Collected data
----------
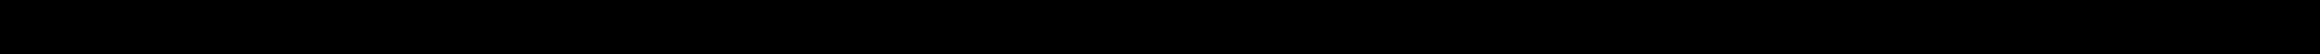 SIDEM Part of, 201 352 00 27, 204 352 00 27, 220 352 00 27, 220 352 02 27 Tukivarren hela
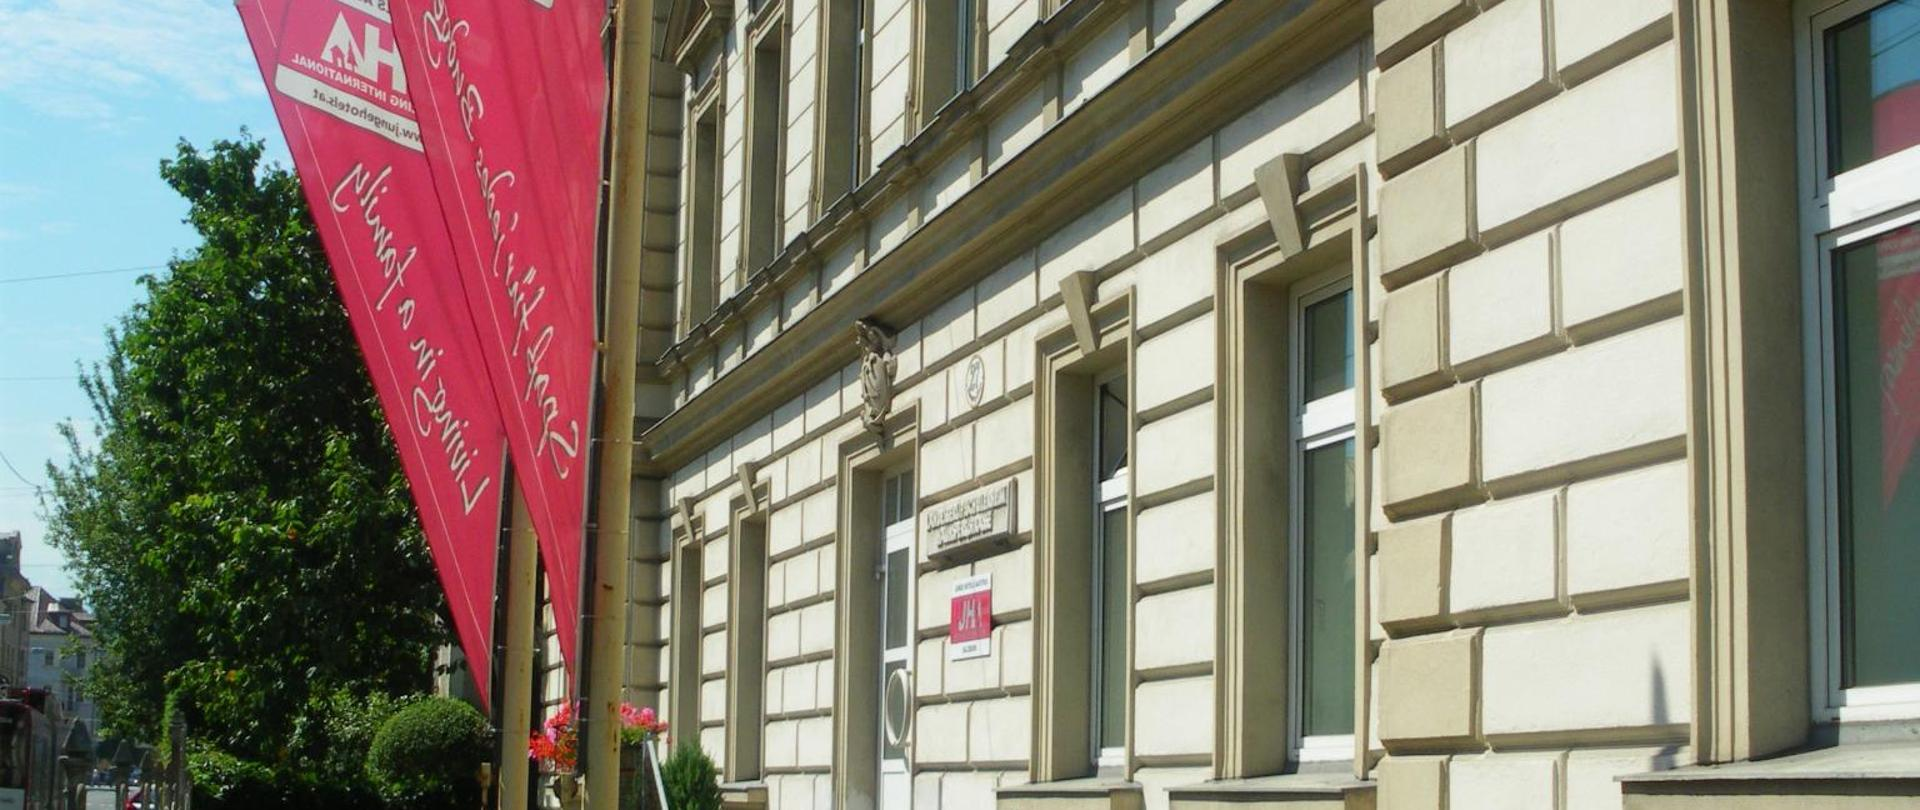 Hostel Haunspergstraße
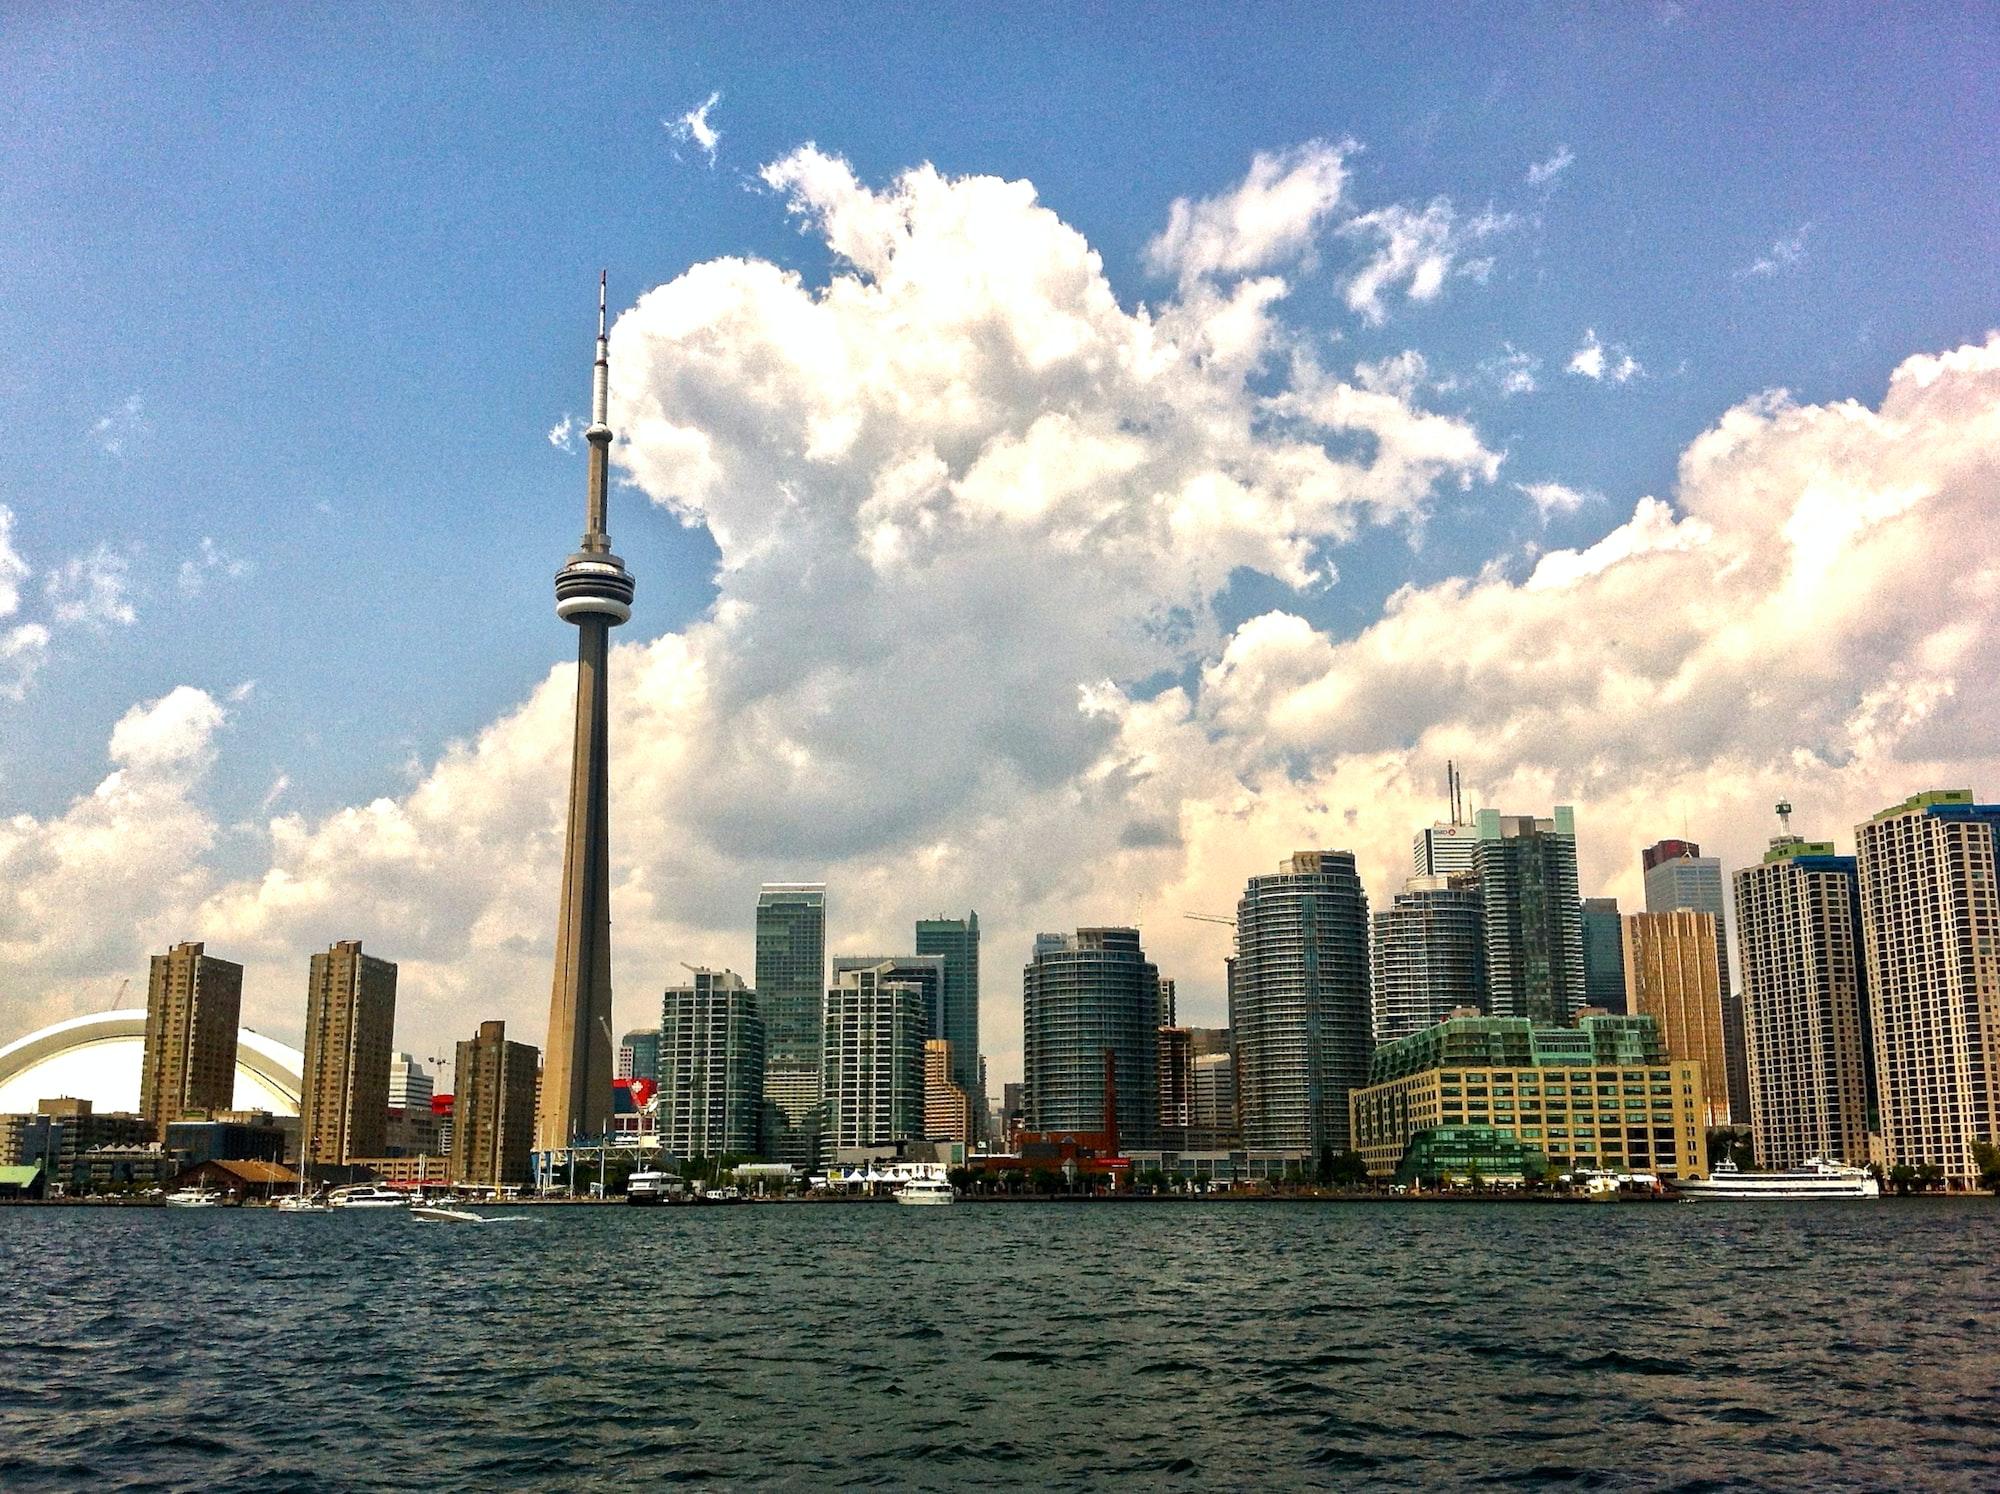 Toronto skyline from harbour
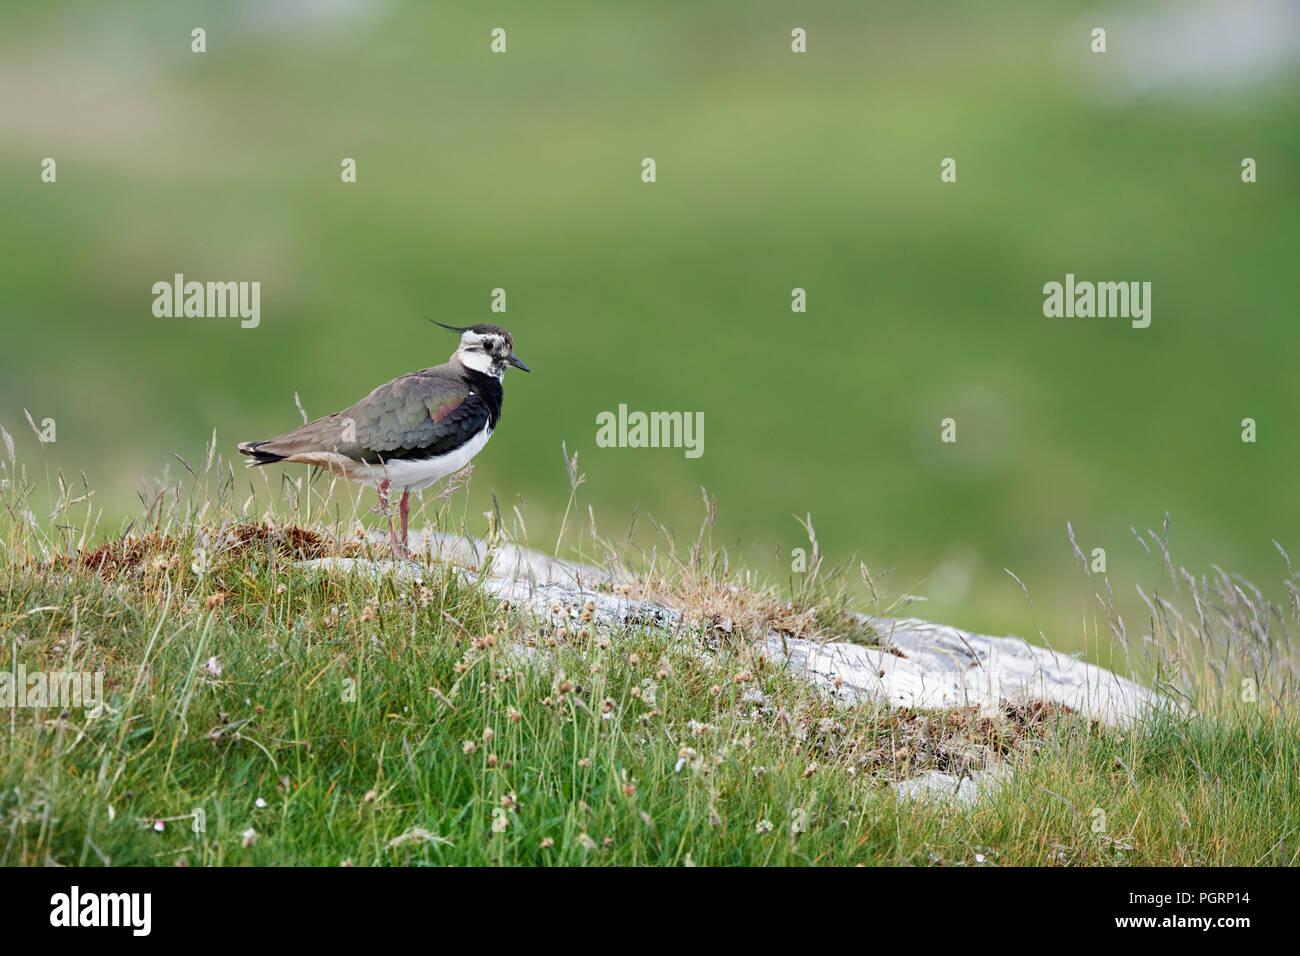 Northern lapwing, Vanellus vanellus, UK - Stock Image
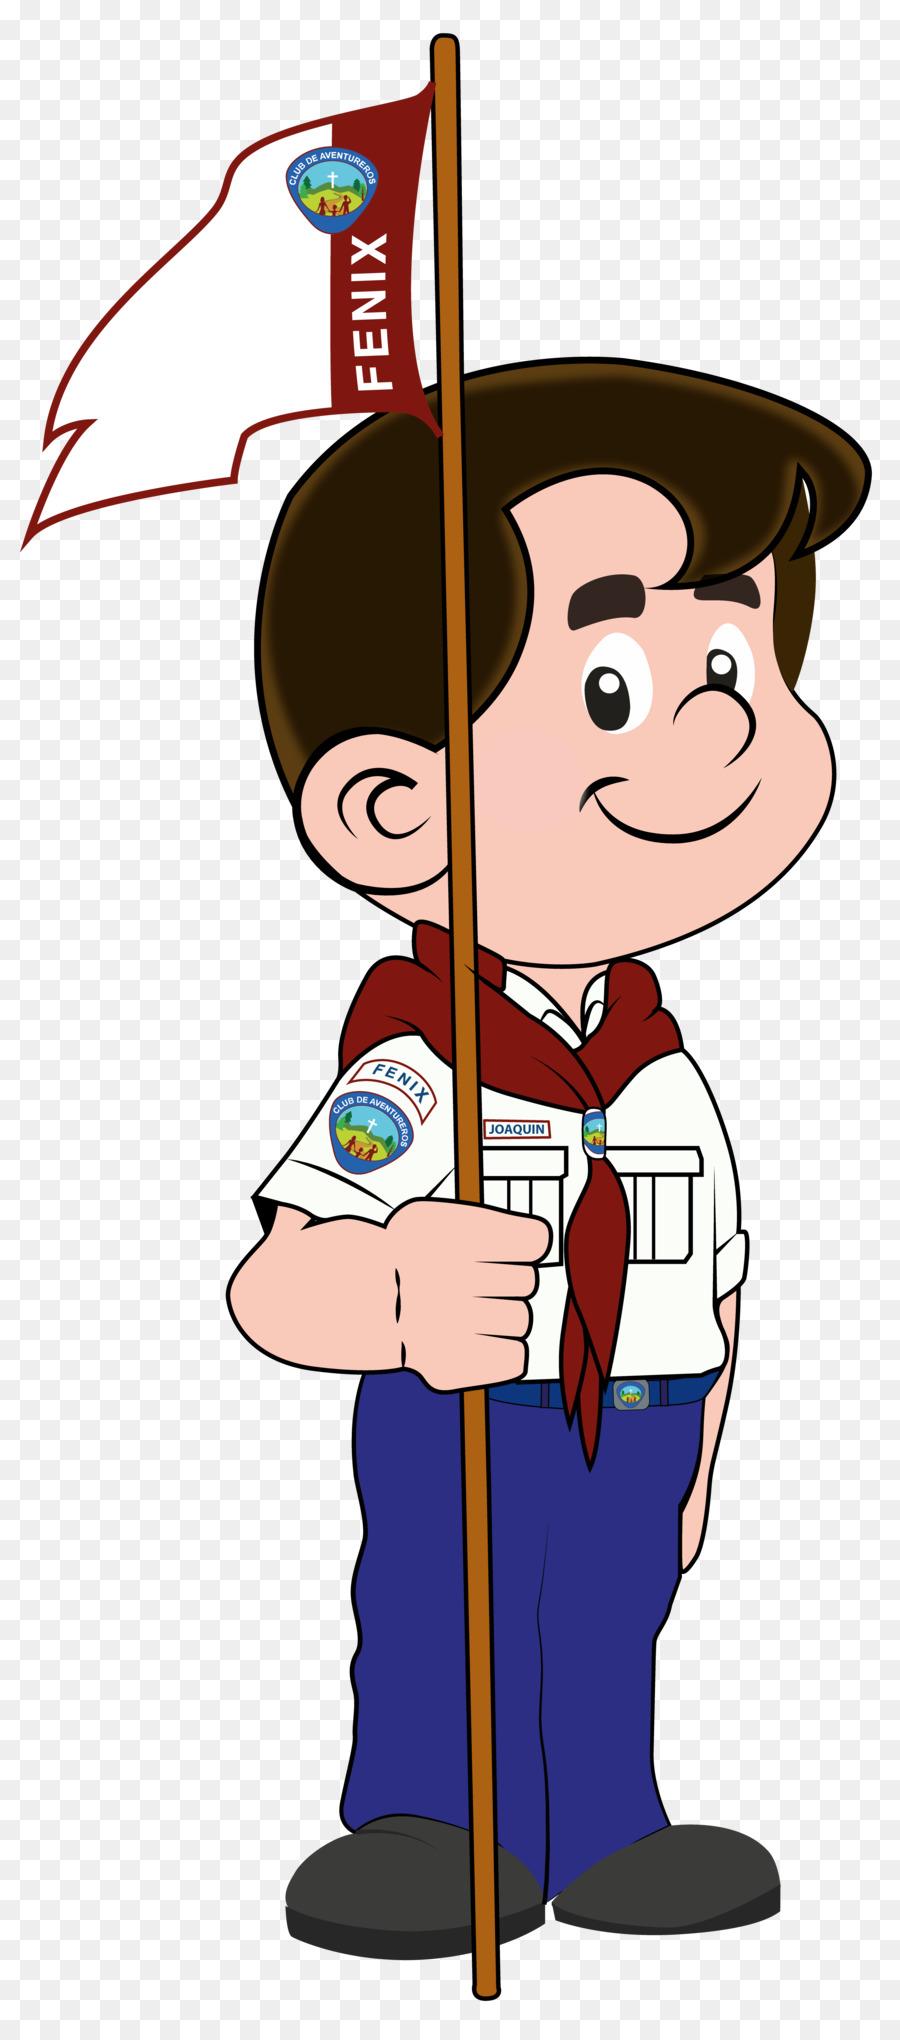 Adventurers clipart banner freeuse download Cartoon Cartoon clipart - Cartoon, Illustration, Graphics ... banner freeuse download
----------
- **Work to be completed**: Drop the images and copy all the data exactly.

- **Response box**:
 SIDEM Part of, 201 352 00 27, 204 352 00 27, 220 352 00 27, 220 352 02 27 Tukivarren hela
 Hostel Haunspergstraße
 Toronto skyline from harbour
 Northern lapwing, Vanellus vanellus, UK - Stock Image
 Adventurers clipart banner freeuse download Cartoon Cartoon clipart - Cartoon, Illustration, Graphics ... banner freeuse download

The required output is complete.